Daughter of Gregor Žerjav

Nadina Abarth-Žerjav (née Nada Žerjav) (March 5, 1912, Gorizia / Gorica – September 16, 2000, Ljubljana) was the daughter of the known Slovene politician and lawyer minister Gregor Žerjav and his wife, Milena née Lavrenčič. Her younger brother was Borut Žerjav (1916–1977), a journalist in Trieste and Paris after the Second World War. Her twin sister was Tatjana, who died young from tuberculosis (in 1943).

Žerjav spent her early childhood in Graz and Ljubljana. Because her father, a politician, was preventively arrested and imprisoned during World War I in Ljubljana Castle and in Graz by the Austro-Hungarian authorities for his "notorious pro-Serbian attitudes", she lived for some time with her maternal grandparents. After the early death of both her parents from tuberculosis in 1929, she was educated in Munich and Paris. She spoke seven languages. Later she lived in Ljubljana. One of her close friends there was the painter Zoran Mušič. Nada travelled with him to Korčula and Cavtat in 1940. She was wounded in the time of the war, during the murder of a banker and businessman Avgust Praprotnik in Ljubljana on February 20, 1942.

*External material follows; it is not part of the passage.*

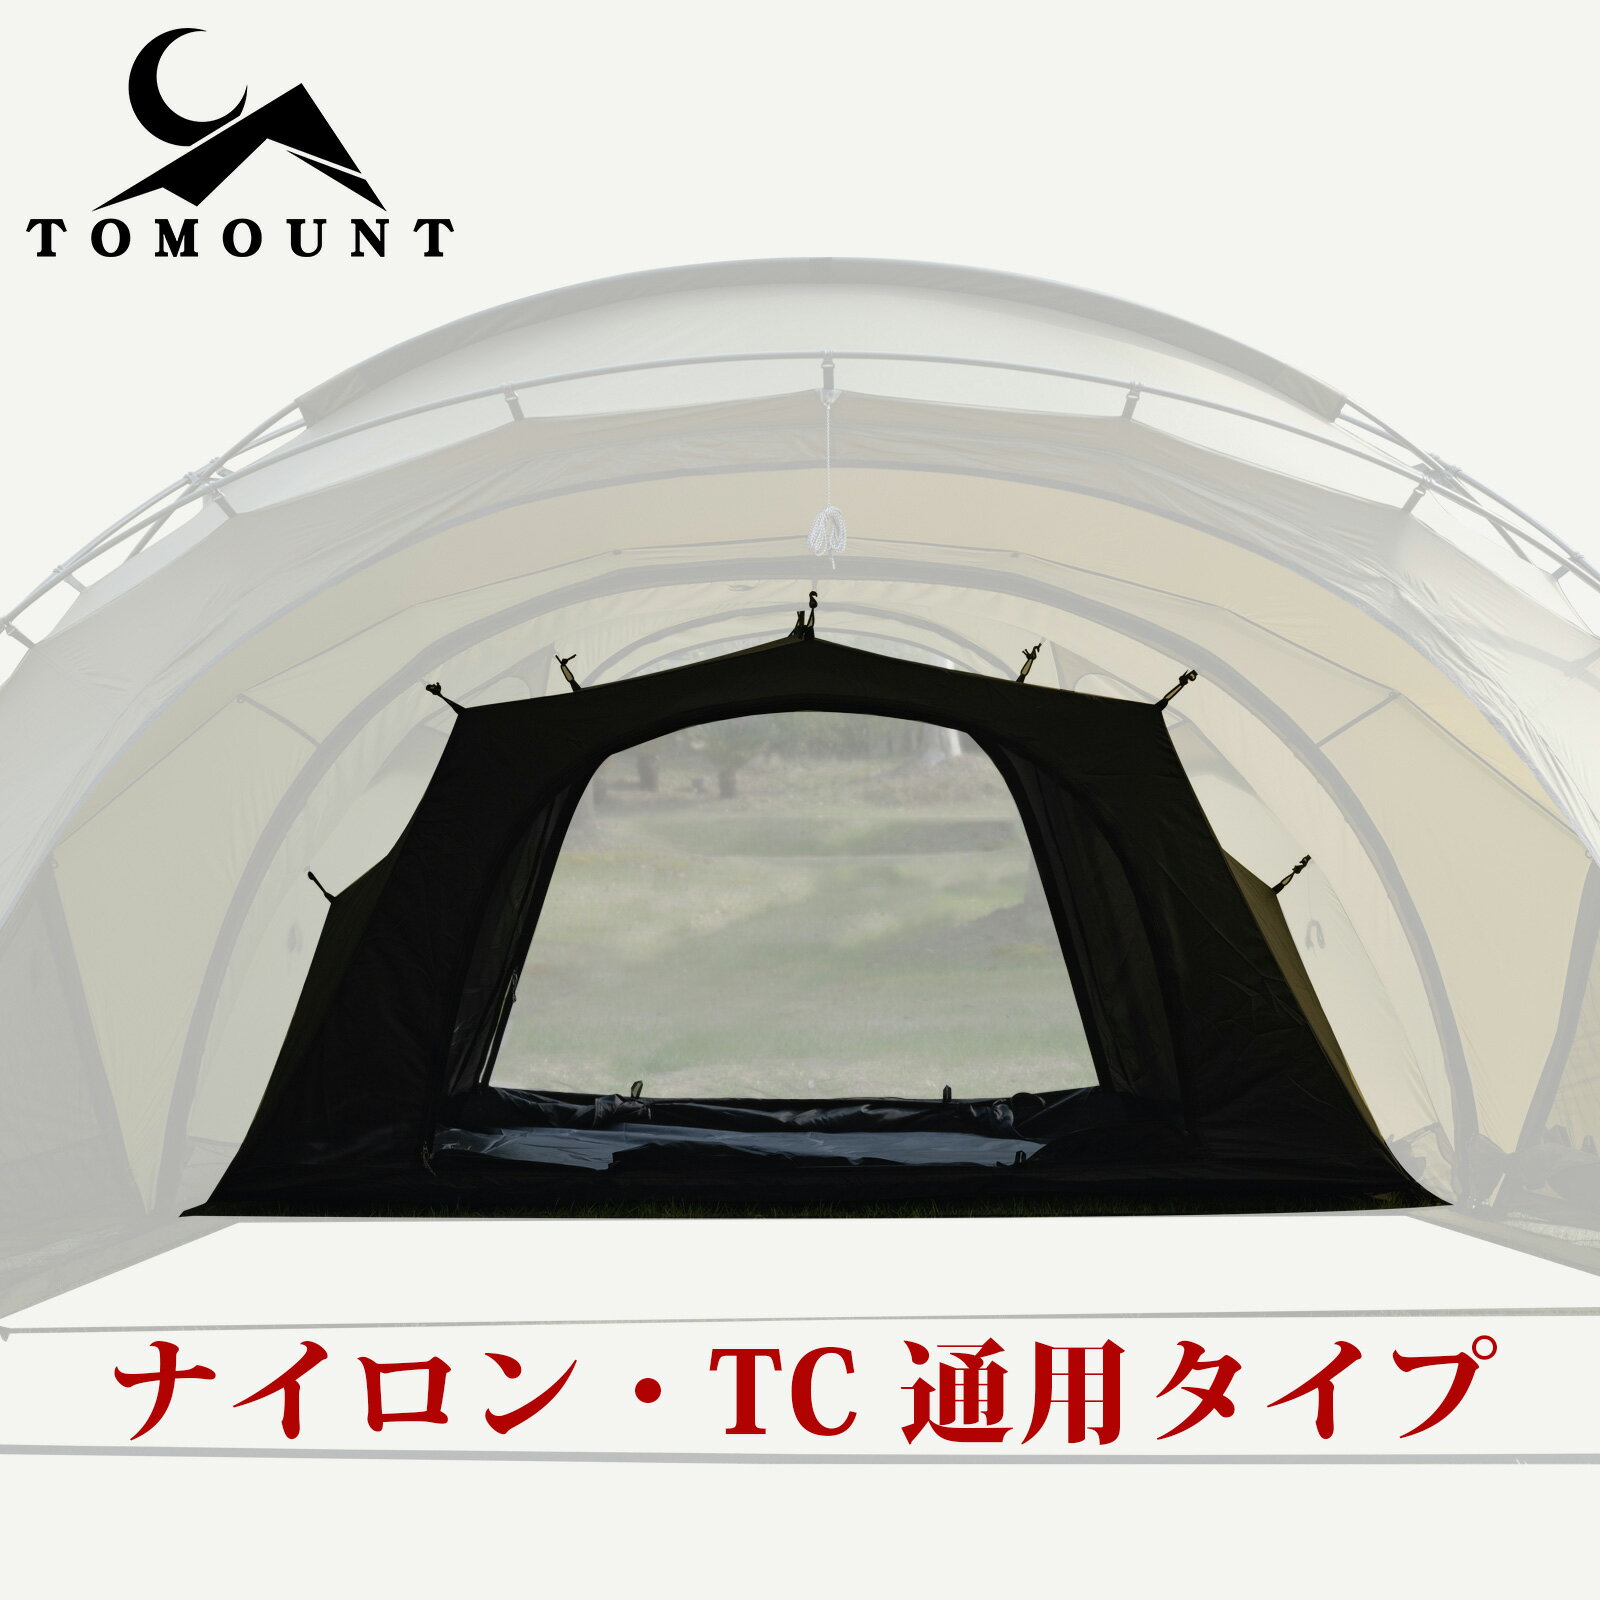 TOMOUNT G moon tent G moon-TC 拡張テント 専用インナーテント

On November 28, 1949, Žerjav married Carlo Abarth, the well-known Turin automobile industrialist. Abarth-Žerjav and Carlo Abarth met in 1944 at Lake Garda in Italy. They may have even met earlier, during the war in Ljubljana, because Abarth lived there for several years. He worked at Vok, a small local factory. Abarth-Zerjav supported her husband during the founding period of the Abarth works, and also in every possible way later on. She initiated contact with Tazio Nuvolari, which became important during the first years of the existence of the Squadra Abarth. Her knowledge of languages enabled her to engage in public relations in foreign countries as well. Even after their divorce in 1979, she remained on friendly terms with Carlo Abarth, and after his death she continued to admire him greatly. The couple had no children.

After the breakup of Yugoslavia in 1991, Abarth-Žerjav, who had Italian citizenship since 1949, applied for Slovenian citizenship and finally received it in 1997 in consideration of her family's history.

Abarth-Žerjav lived in Turin for over 50 years and was well known there. She left Turin in November 1999 because of ill health and moved in with her nephew's family in Ljubljana, where she died on September 16, 2000. She was buried five days later at her family's gravesite, a protected monument in Žale Cemetery in Ljubljana.